She’s as much a force of nature as the wind that flings wet droplets across my camera lens as I snap rapid-fire shots and run to catch up, trailing her across the bucolic landscape. Darina Allen is one of Ireland’s best-known chefs, and the matriarch of Ballymaloe Cookery School: a sprawling, self-contained ecosystem of agricultural and culinary activity.
Perpetually a few steps ahead, she walks and talks at a steady pace without looking back, only breaking her cadence to address those who cross her periphery: telling the baker how many loaves are needed; inquiring after the amount of available greens; lamenting a plant’s ill-advised pruning. Ballymaloe is not a place—it’s a living, breathing organism whose appendages pulse with life. There are barns and bakeries, cellars and greenhouses, verdant fields that soon will burst bounteous from wet earth. As I scurry to catch up, I peer into open doorways full of rising sourdough and cheesemakers cutting curd, crouch between rows of thick kale and Brussels sprouts whose stalks stand like herds of tiny green elephants’ legs, and sidle into a lecture hall where a chef’s mirrored hands glide masterfully over his mise en place.
Allen founded the culinary school in 1983 with her brother, chef and instructor Rory O’Connell; their family home is now the Ballymaloe House. The grounds encompass an organic farm, restaurant, and various production facilities, but the most exciting feature is the fermentation room: a mad scientist’s bunker plunked in the middle of this green reverie. The white portable building is filled to bursting with bottles and jars full of bubbling, pungent, brightly colored substances. One day, I’m told, there may be a brewery; for now, they make cider, sauerkraut, and all manner of experimental things.

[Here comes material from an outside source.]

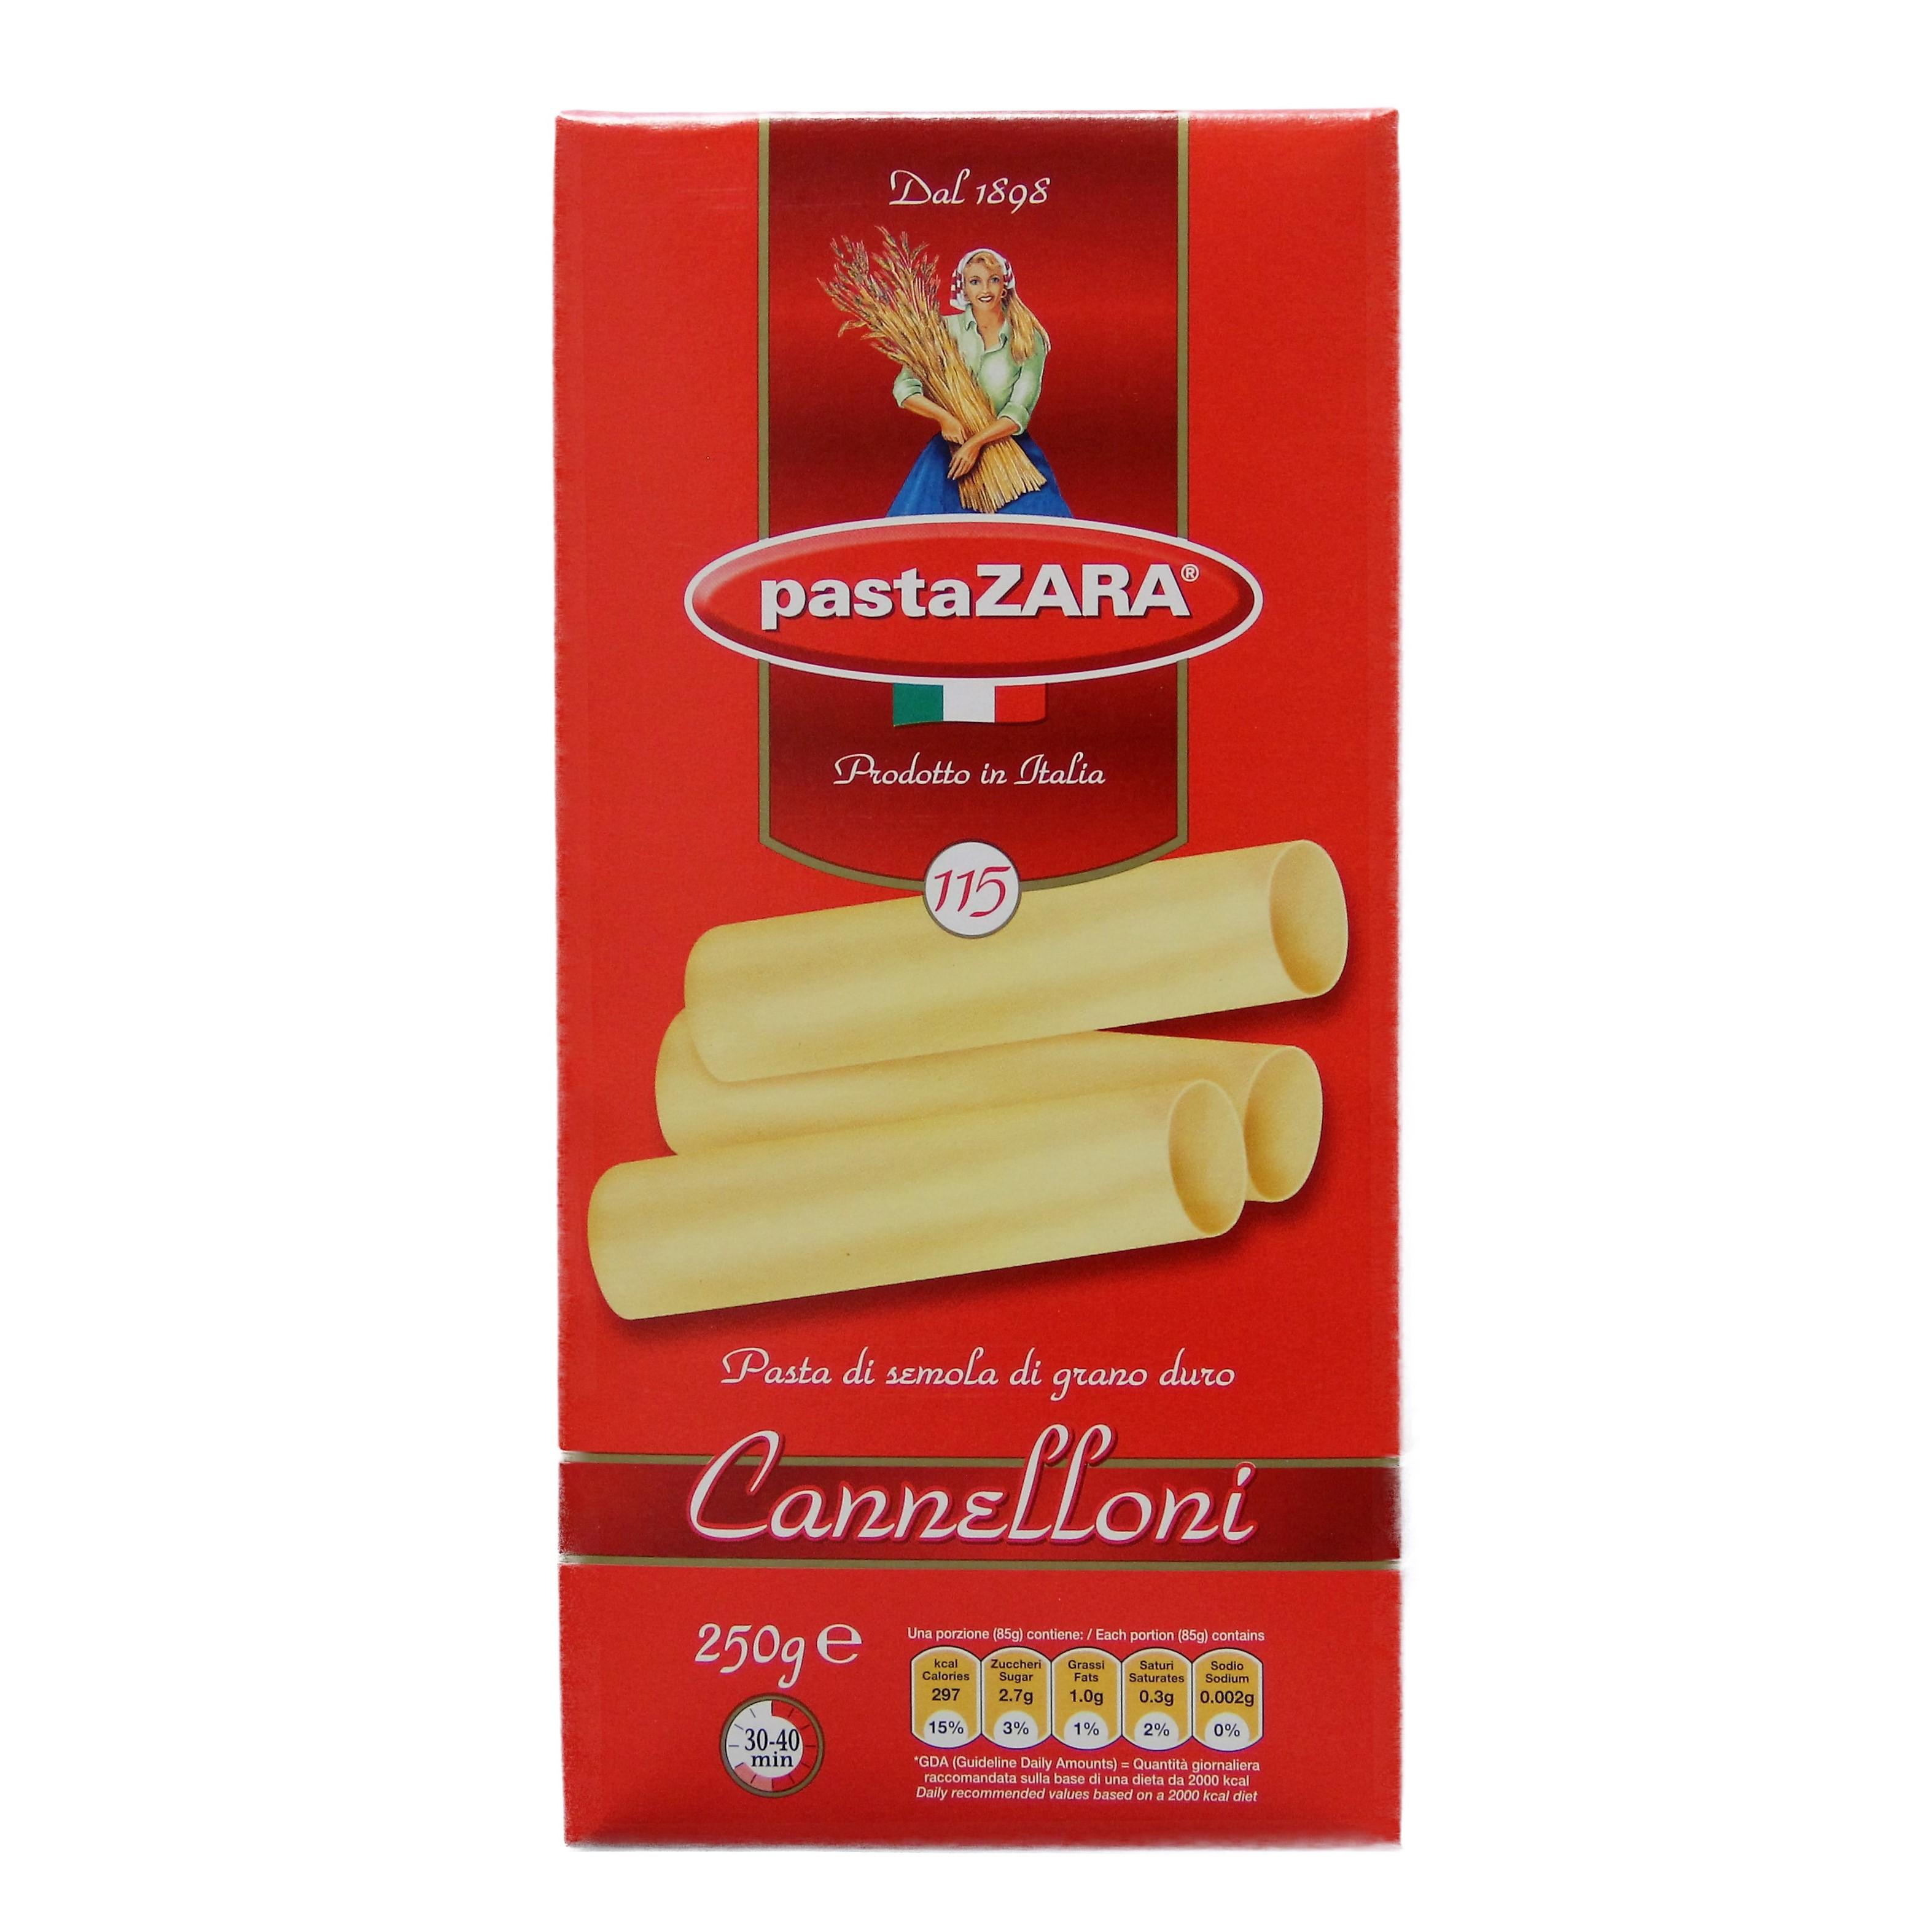 347 Zara Cannelloni

At the end of the tour, Allen dons her mask with smiling eyes and dissolves as mysteriously as she materialized, falling back into the ballet of the place and leaving me breathless with a pile of cheese cubes, a bottle of Ballymaloe cider, and a dream of trading my laptop for a knife set. The next night, when I share the cider with new friends over stories of my travels, I remember again why I do what I do.